The bone augment designed in this study is characterized by its biporous structure. Although the proposed augment is functionally similar to other existing bone augments, its biporous structure is intended to reduce the weight of the implant and promote bone growth. Achieving these twin objectives is not possible with a uniporous design. If the porous structure is intended to reduce the weight of the implant, the hip-replacement system will not be sufficiently strong and will cause problems during its mechanical fixation with the bone. In contrast, if the porous structure is designed with the objective of stimulating bone growth, the pore spaces are then smaller, and the weight of the implant increases. Thus, we used a biporous structure in this study to improve the twin objectives of weight reduction and the bone growth induction of the implant.

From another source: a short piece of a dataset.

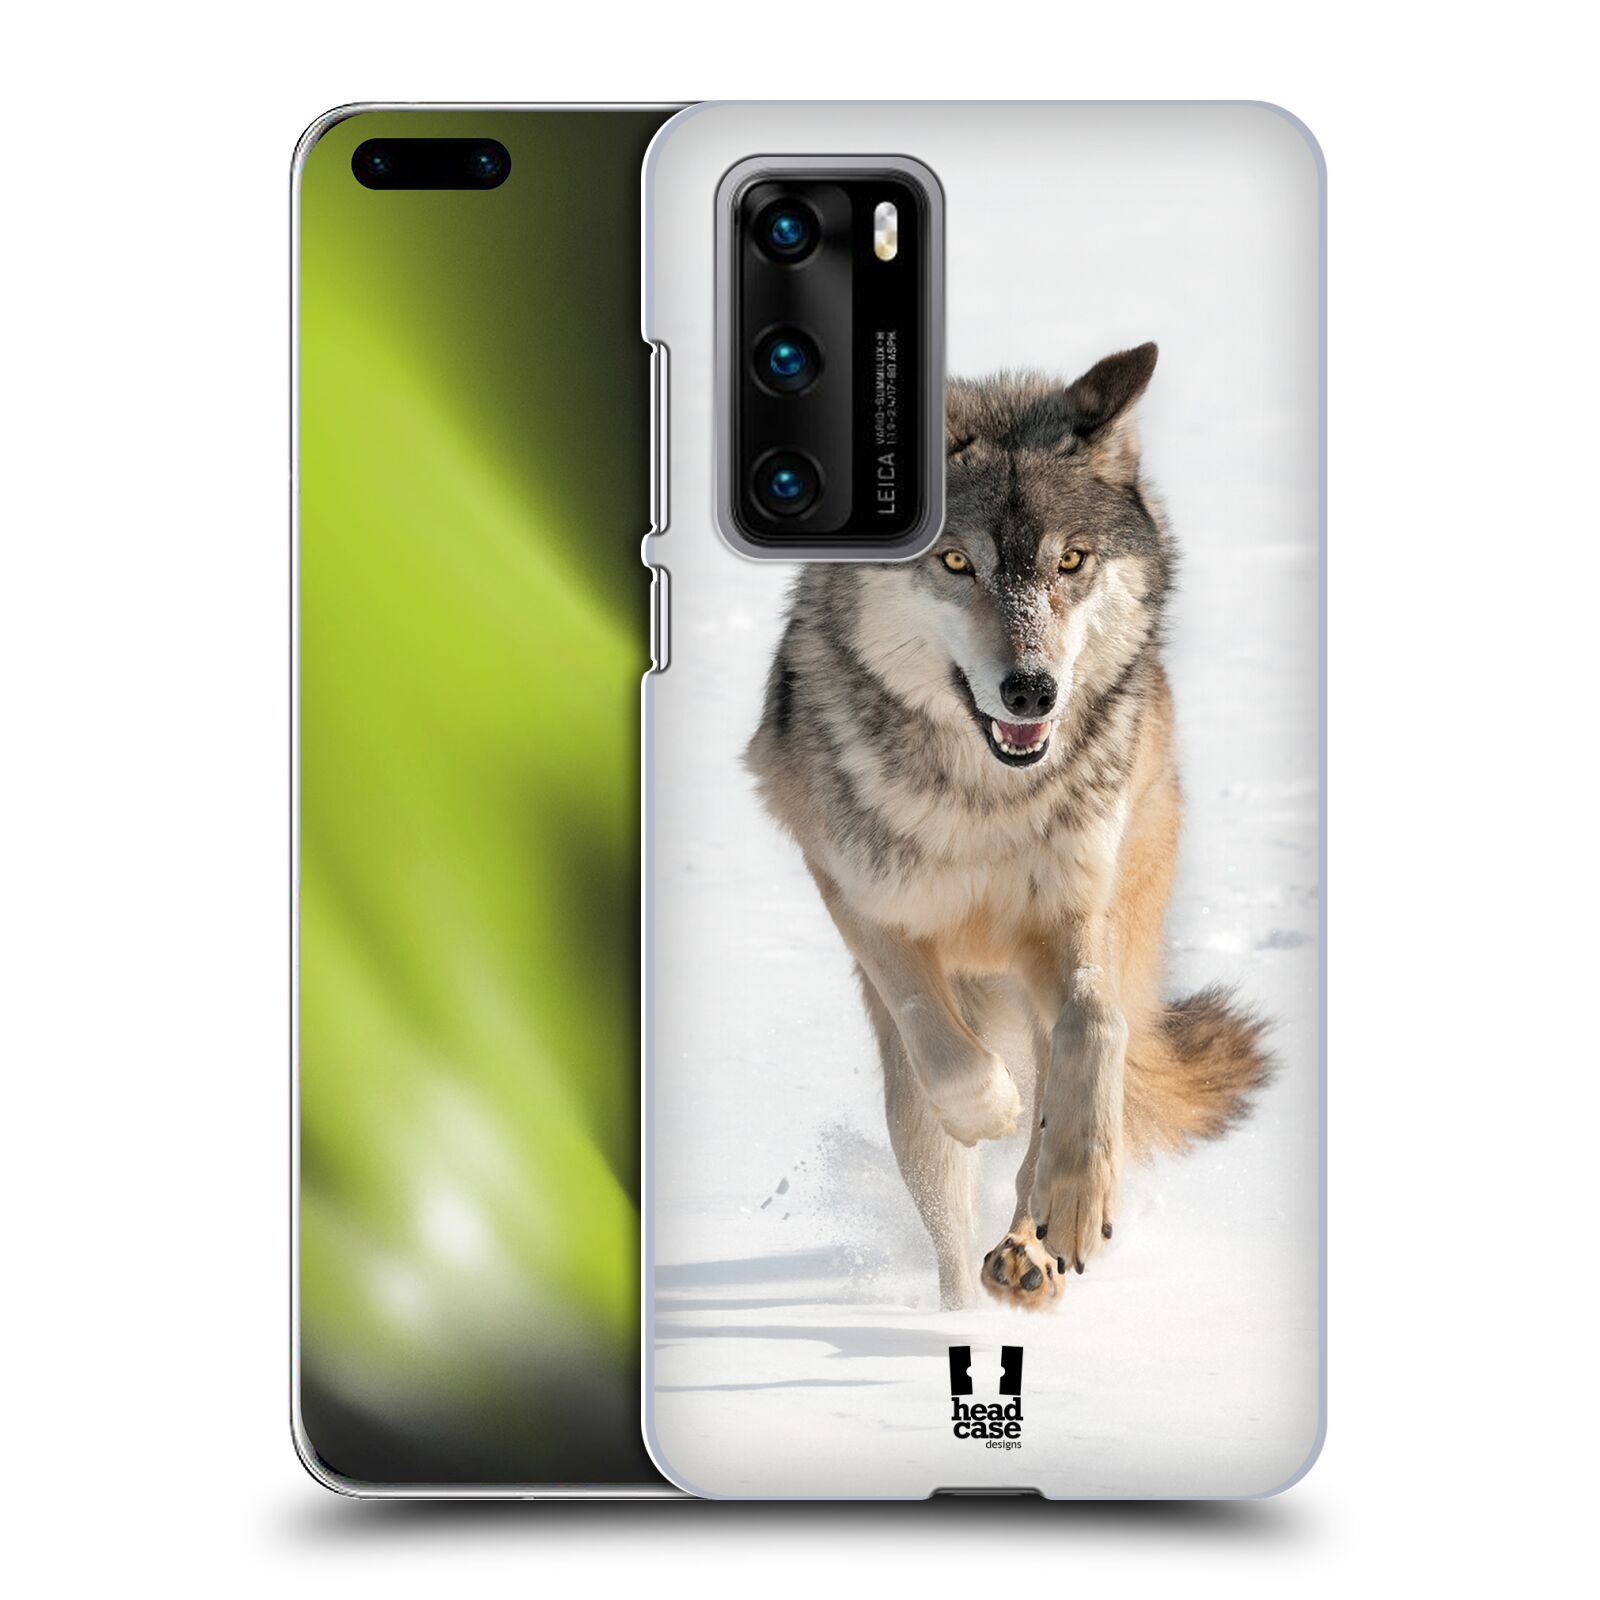 Zadní obal pro mobil Huawei P40 - HEAD CASE - Svět zvířat divoký vlk
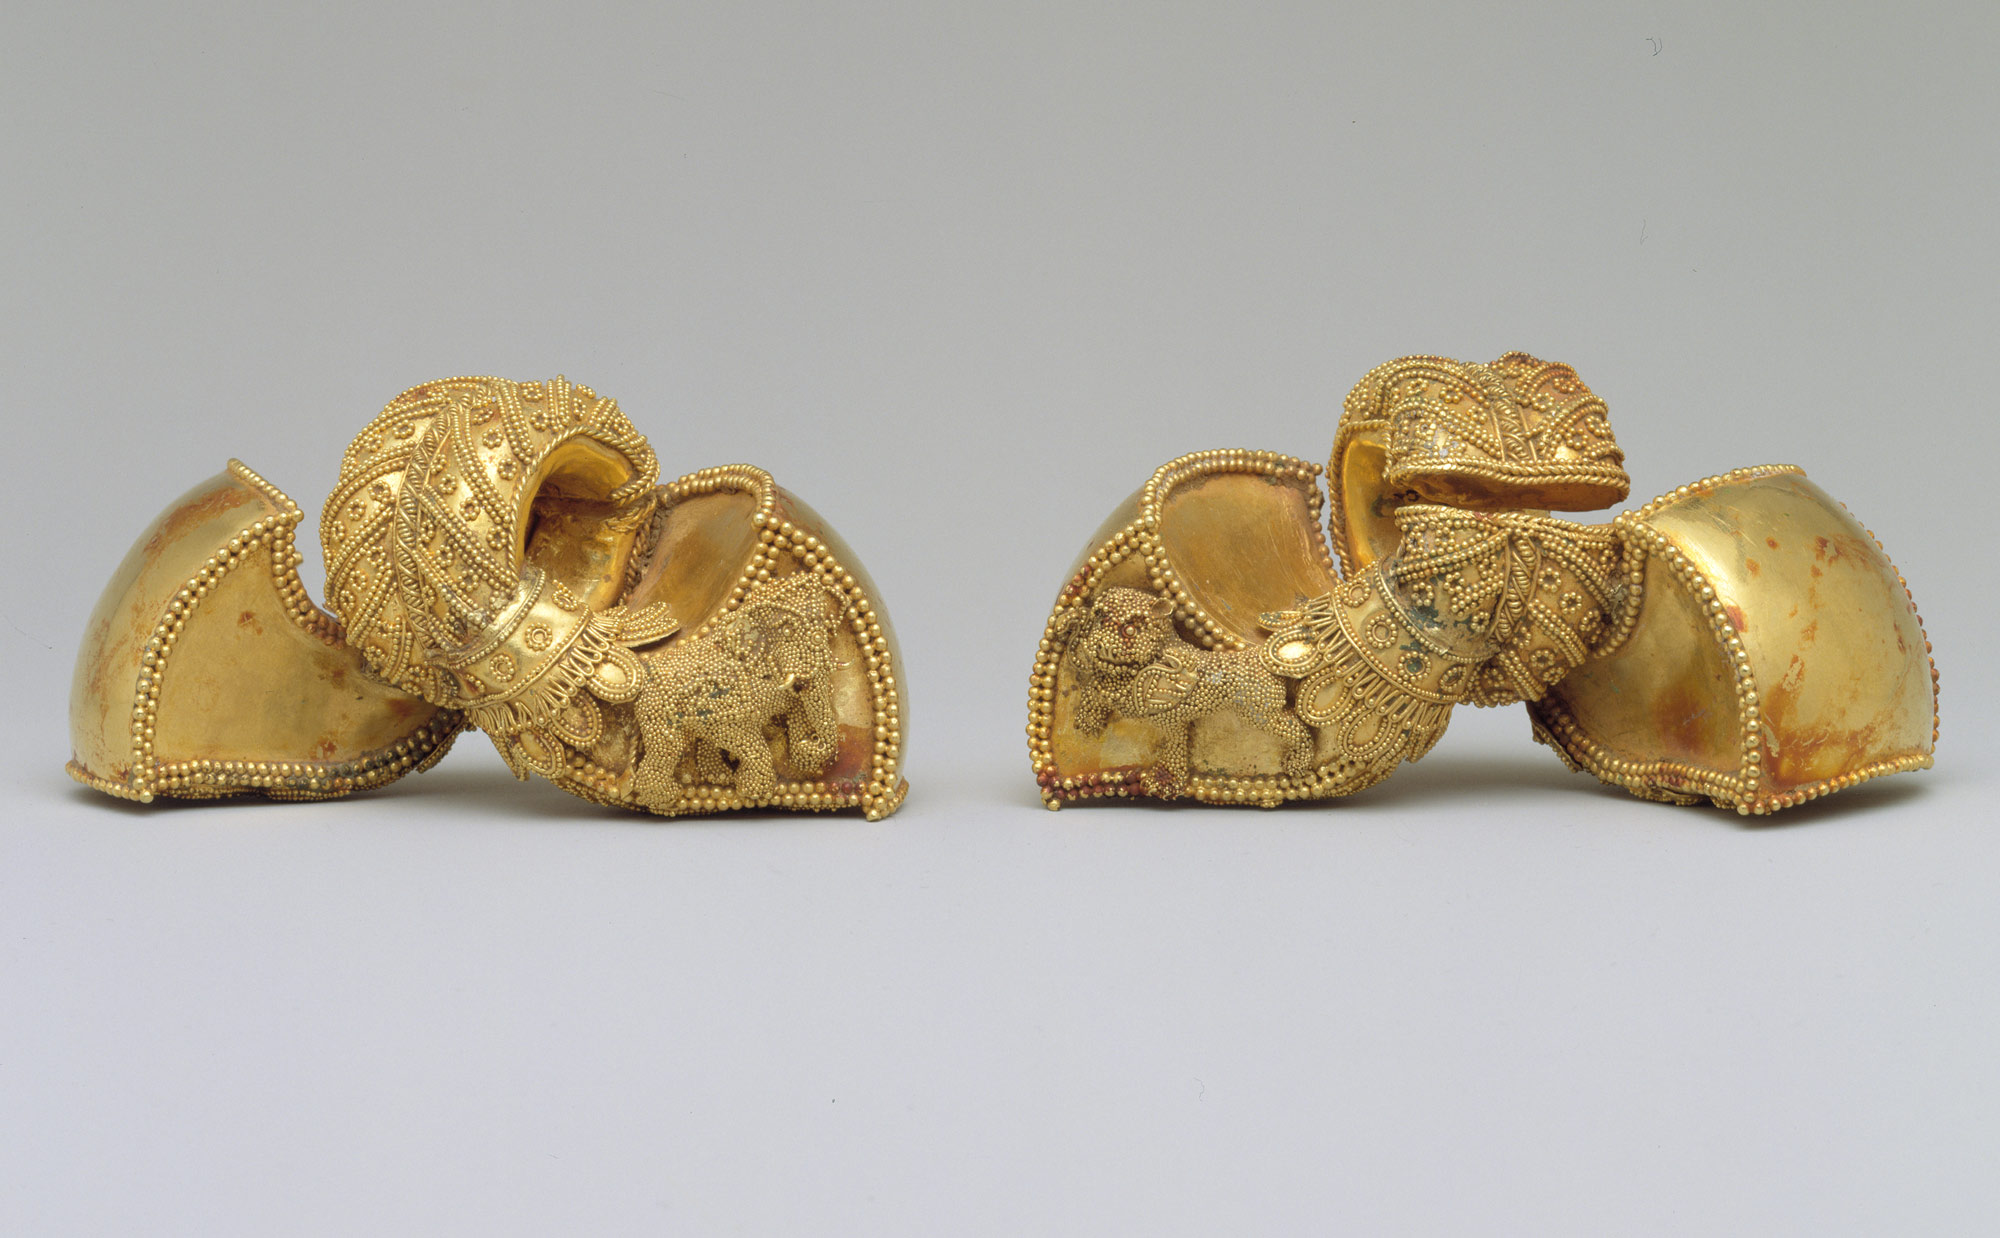 A pair of royal earrings

The limitations of this study are as follows. Although the porosity of the porous structure was measured to be 60%, there is no evidence indicating a uniform distribution of the porous structure in the bone augment, due to the test being locally conducted at random locations. Random locations are because the 3D-printing conditions may cause variations in local porosity. Therefore, further studies are required to validate the advantages of the proposed augment [26, 30].

Conclusions

In this study, we used 3D-printing technology to fabricate bone augments with a biporous structure for total hip arthroplasty. We performed porosity and fatigue tests to evaluate and validate the structural safety and durability of the fabricated bone augments. To proceed further in this research direction, user evaluation of the proposed bone augment is necessary to confirm its clinical application in total hip arthroplasty.